Data provided
————————

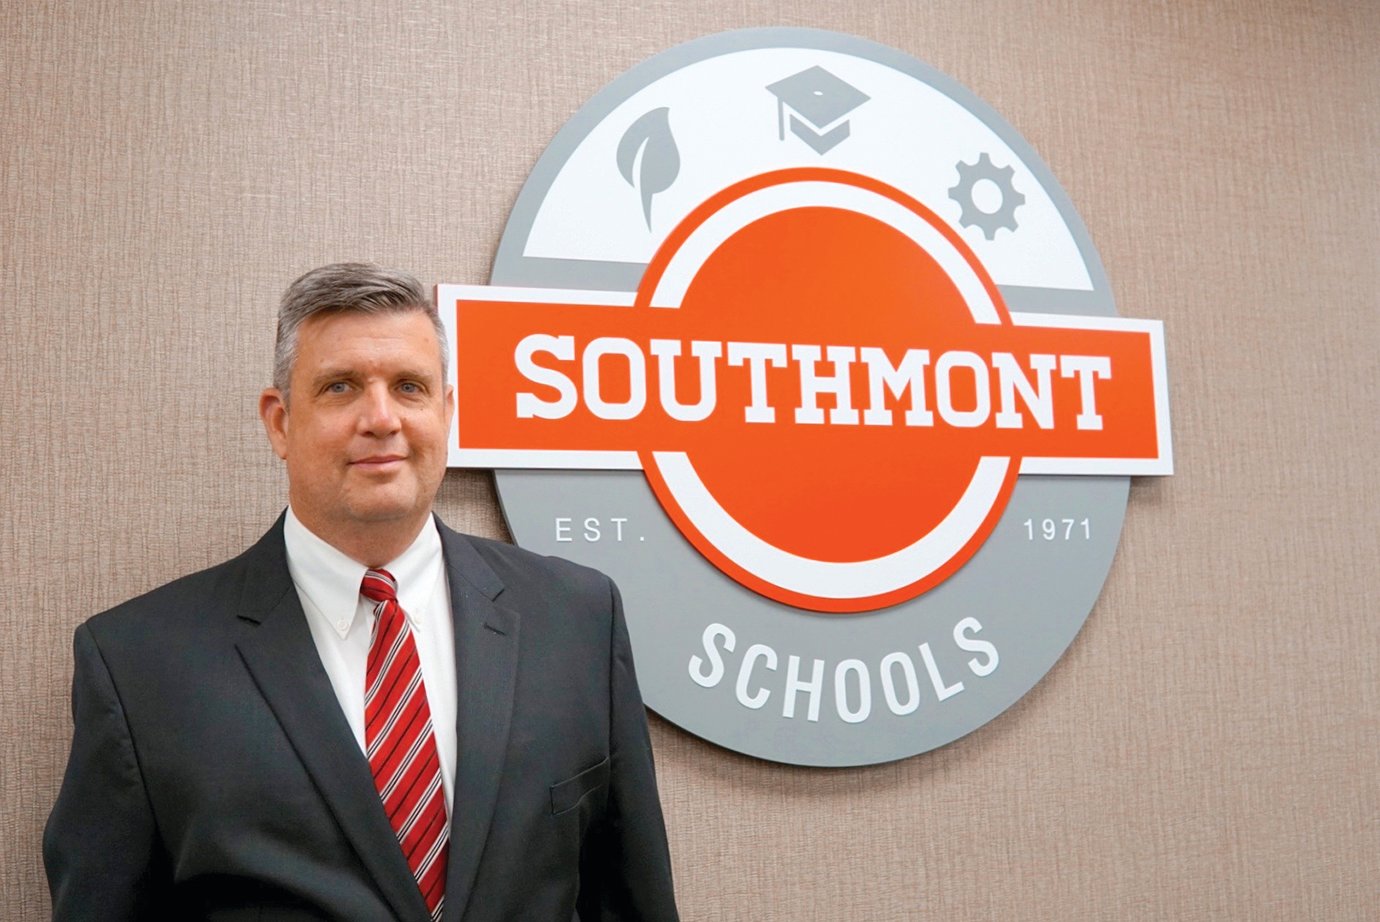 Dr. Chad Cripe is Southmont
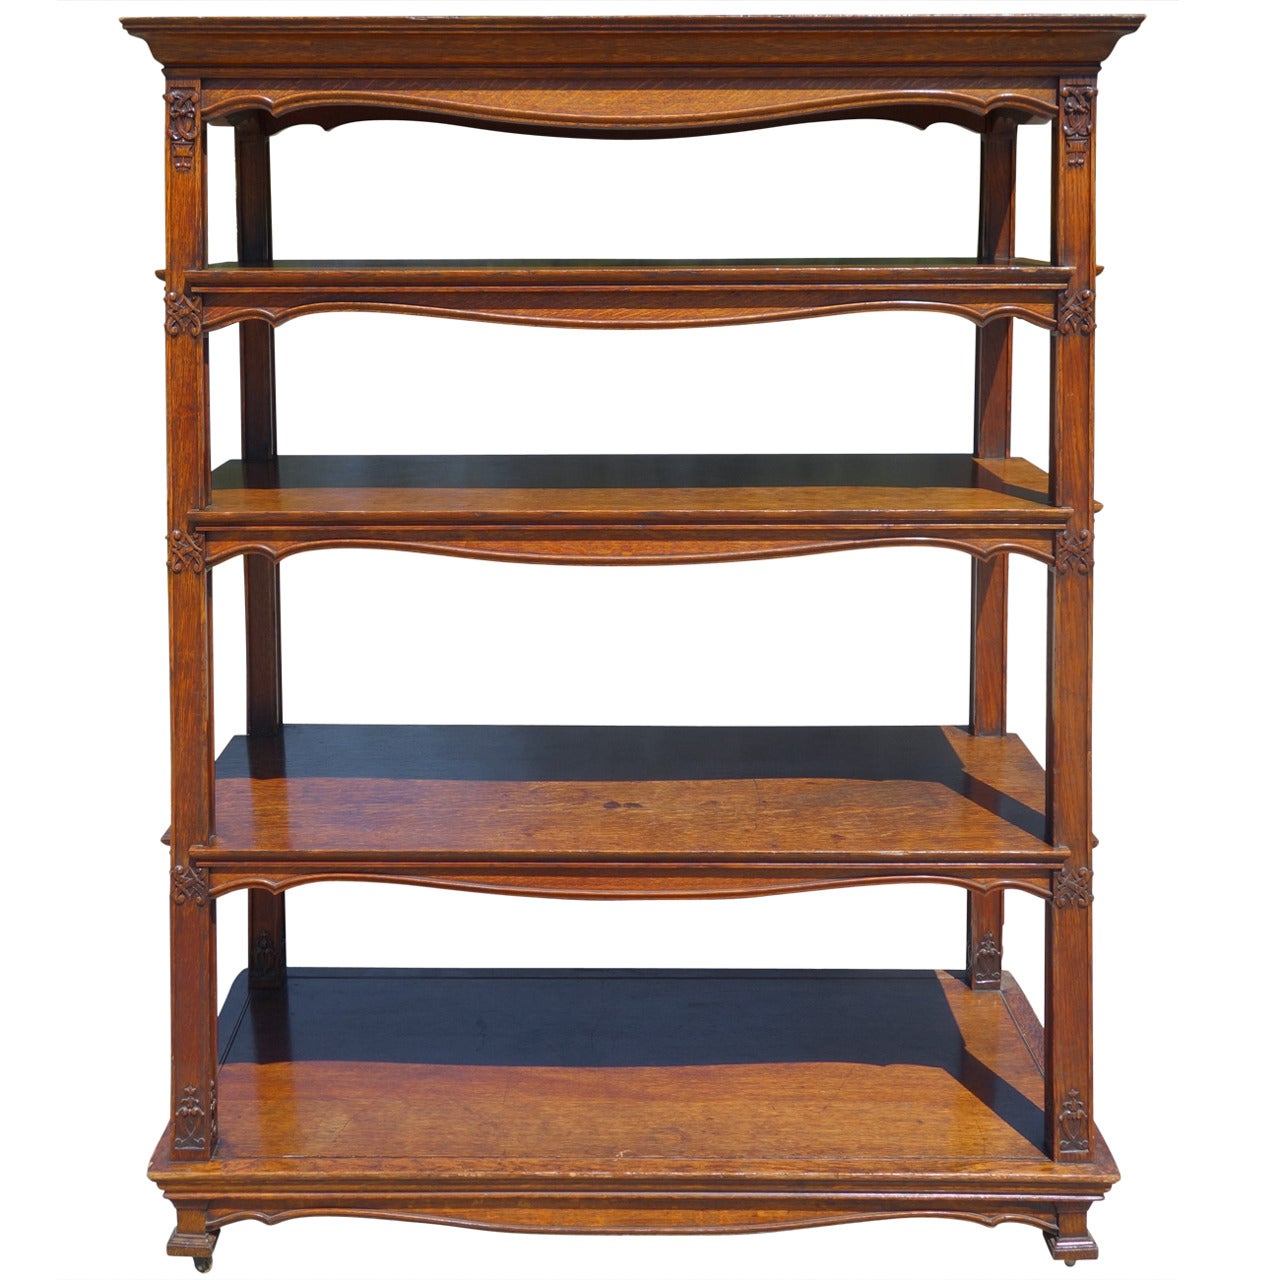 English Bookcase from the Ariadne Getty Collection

————————

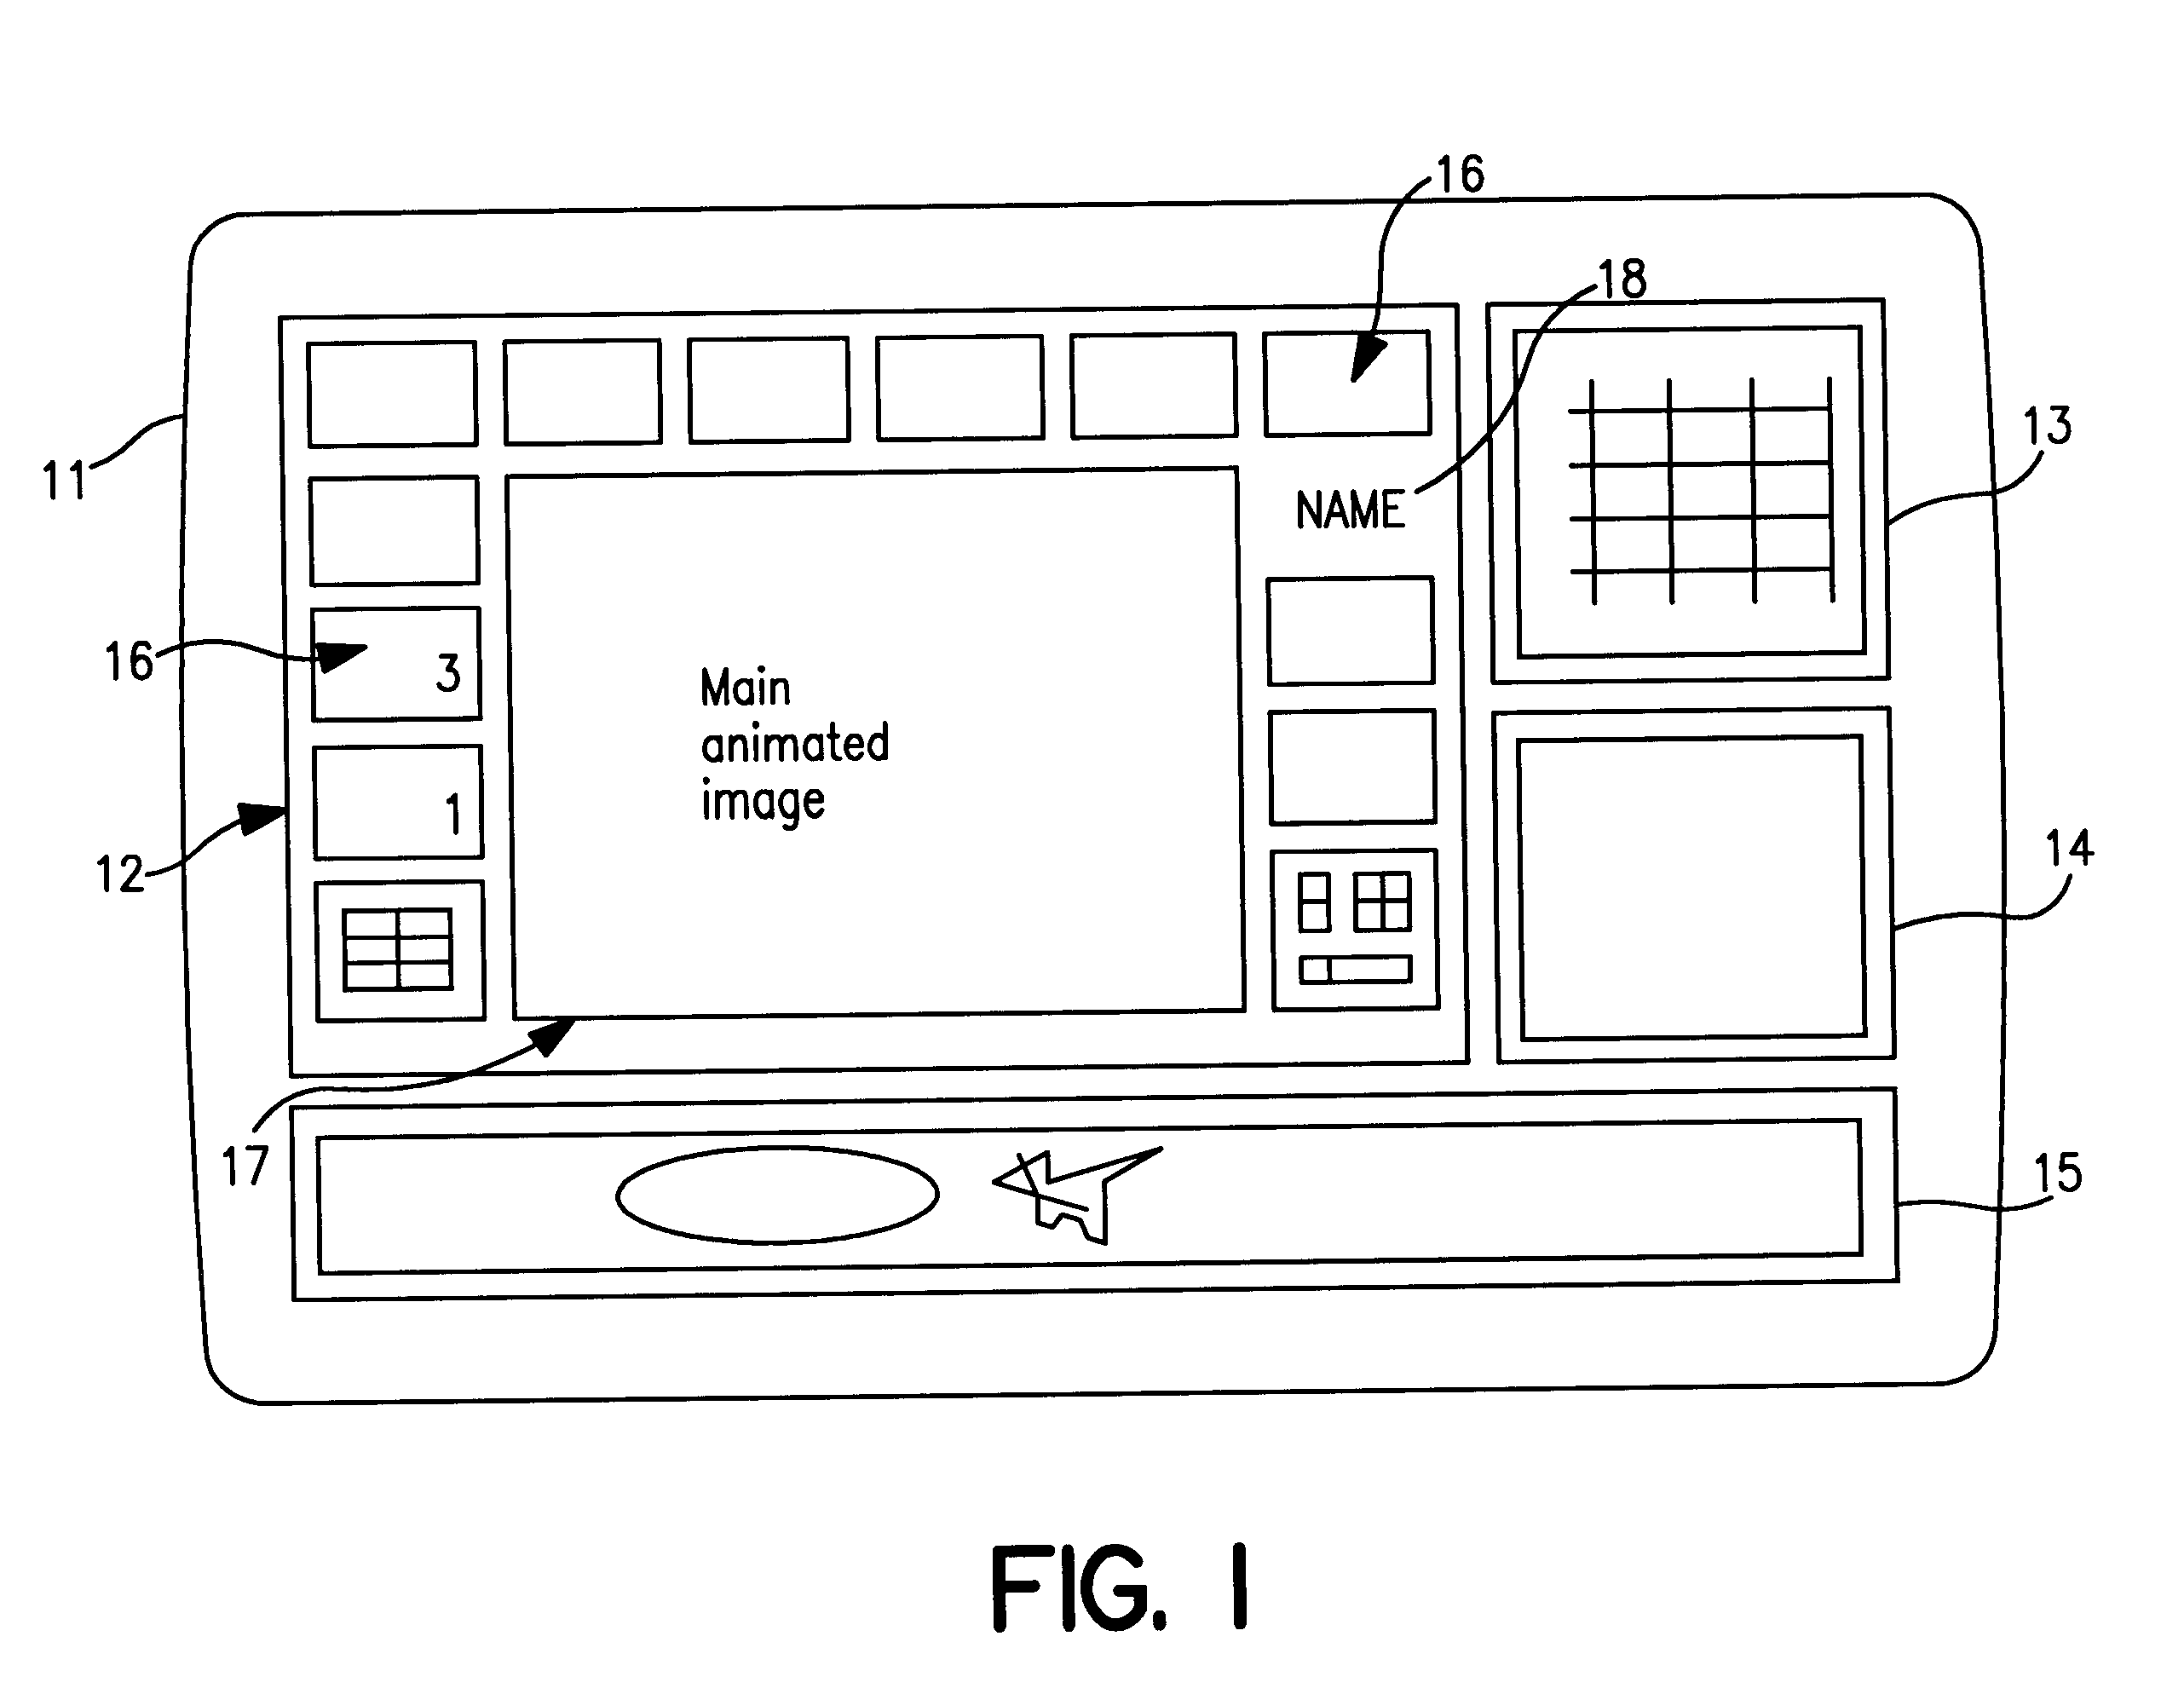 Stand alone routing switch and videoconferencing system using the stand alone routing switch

————————

Work instructions
Repeat exactly the lines above, from the line that contains "Dr. Chad Cripe is Southmont" down through the line that contains "English Bookcase from". Include both of those lines and none of the pictures.

Answer section
 Dr. Chad Cripe is Southmont
 English Bookcase from the Ariadne Getty Collection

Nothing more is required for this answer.